On March 22 2013 09:22 ItWhoSpeaks wrote: We have some stuff in the works for the overall economy. Making workers dumber solves some issues, but doesn't really feel good or right for a modern game. ....
We tried doing grandiose things for patch 3's look at macro mechanics. We made no less than fifteen versions for the three races, and most of them were awful. The others either competed against existing elements to the game that were straight up better or were so convoluted they weren't accessible to a viewer or player. One thing everyone could agree on was that Spawn Larva was a bad macro mechanic because it was like the classic BW "dumb worker" macro mechanic. It is a rote behavior that requires no decision making specially or temporally, unlike Chrono boost, which may be the best macro mechanic in any RTS to date. We have removed Spawn Larva and granted the Queen an ability to spawn larva in a way that rewards spacially and or temporally aware decision-making. The full Patch 3 List is being compiled and will be released alongside our HotS port release.

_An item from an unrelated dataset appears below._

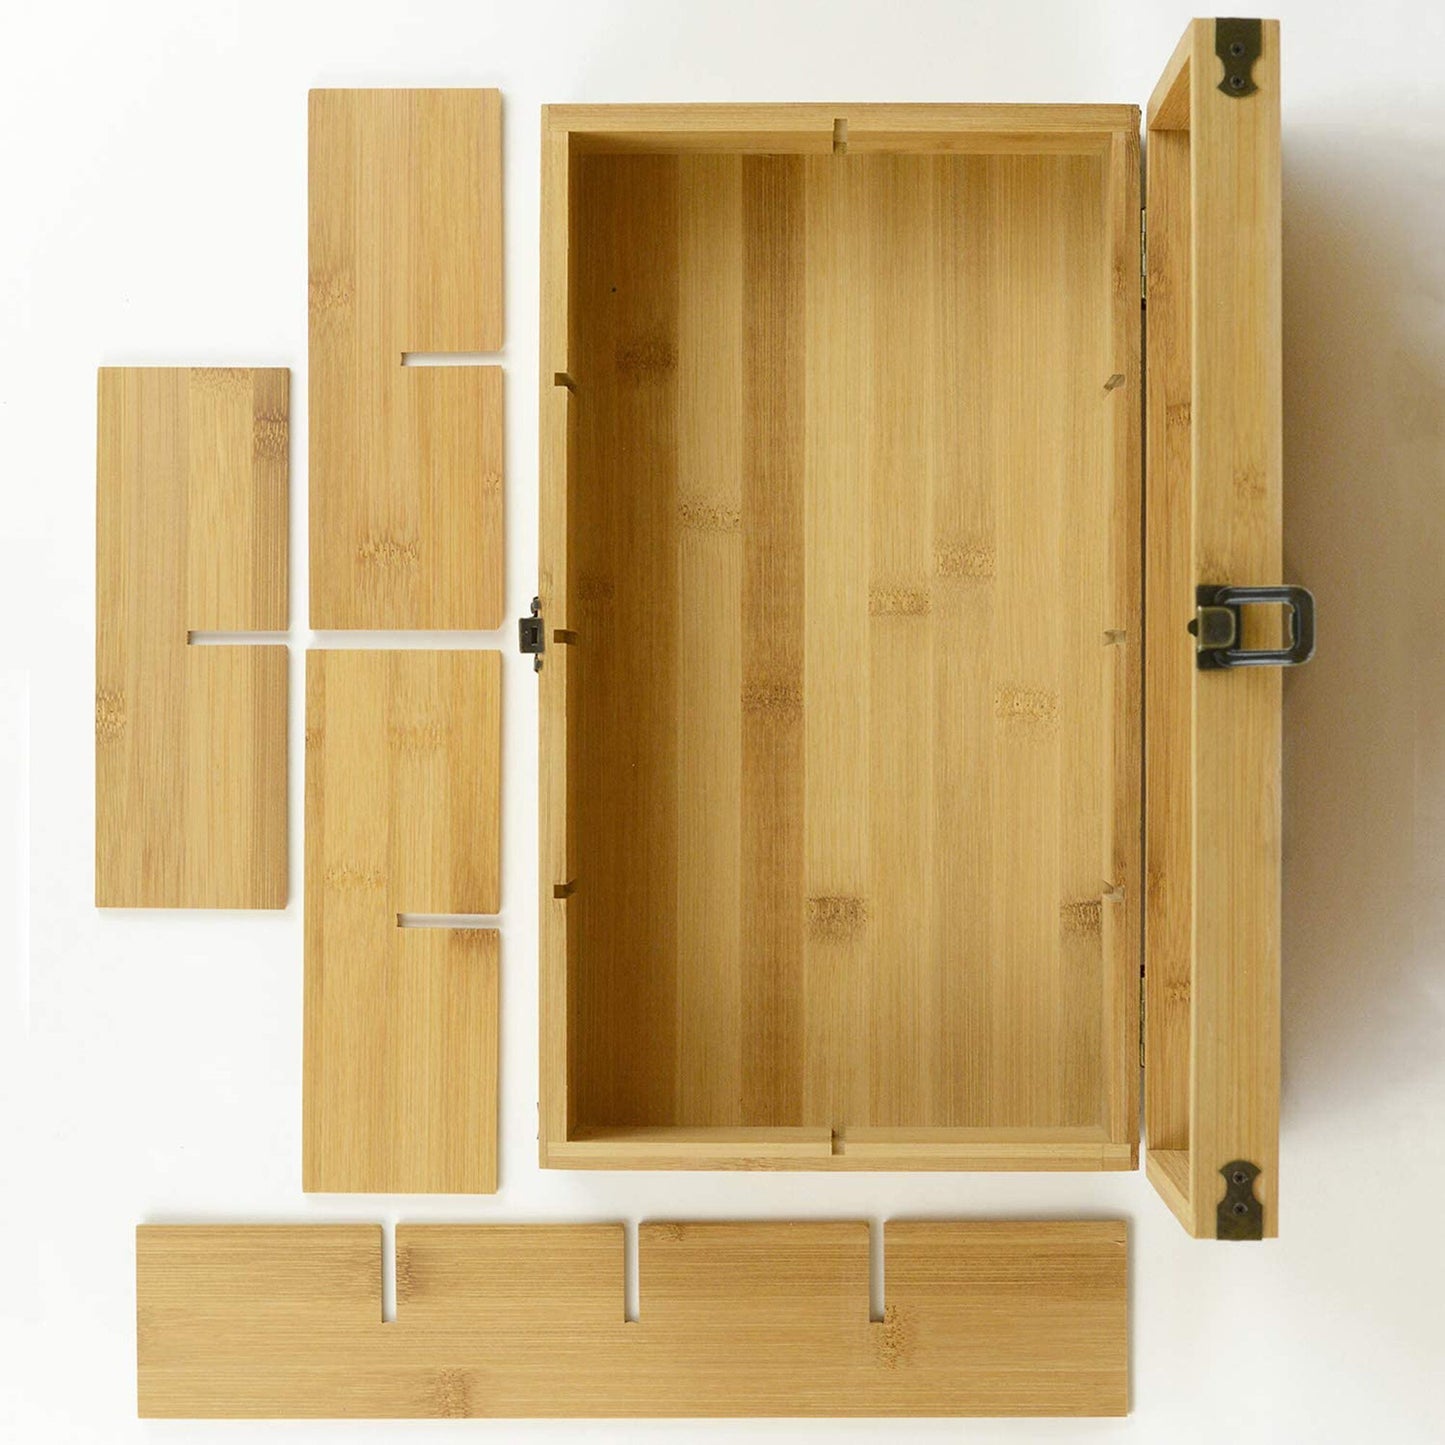 Large Wooden Tea Organizer Box, Big 14" Bamboo Storage Chest 8-Compartment Adjustable Shelves 100% Handmade Craft Eco-Friendly Natural Decor

Spatially and temporal rewards :O
Is this smelling like a spawn-larva @ location or a temporary mini-hatchery type of thing going on here? I used to think that might be an interesting idea but never really gave it enough credence to put serious thought into it.
Or am I stepping on the bounds of spoilers?
As soon as I get HotS: Campaign -> Reach Dia/Masters on ladder (for street cred) -> OneGoal :D
Also, I think the add-on management of Terran buildings is a more interesting mechanic then chronoboost. I once tried swapping a BW factory and starport between the machine shop and control tower. Then I facepalmed.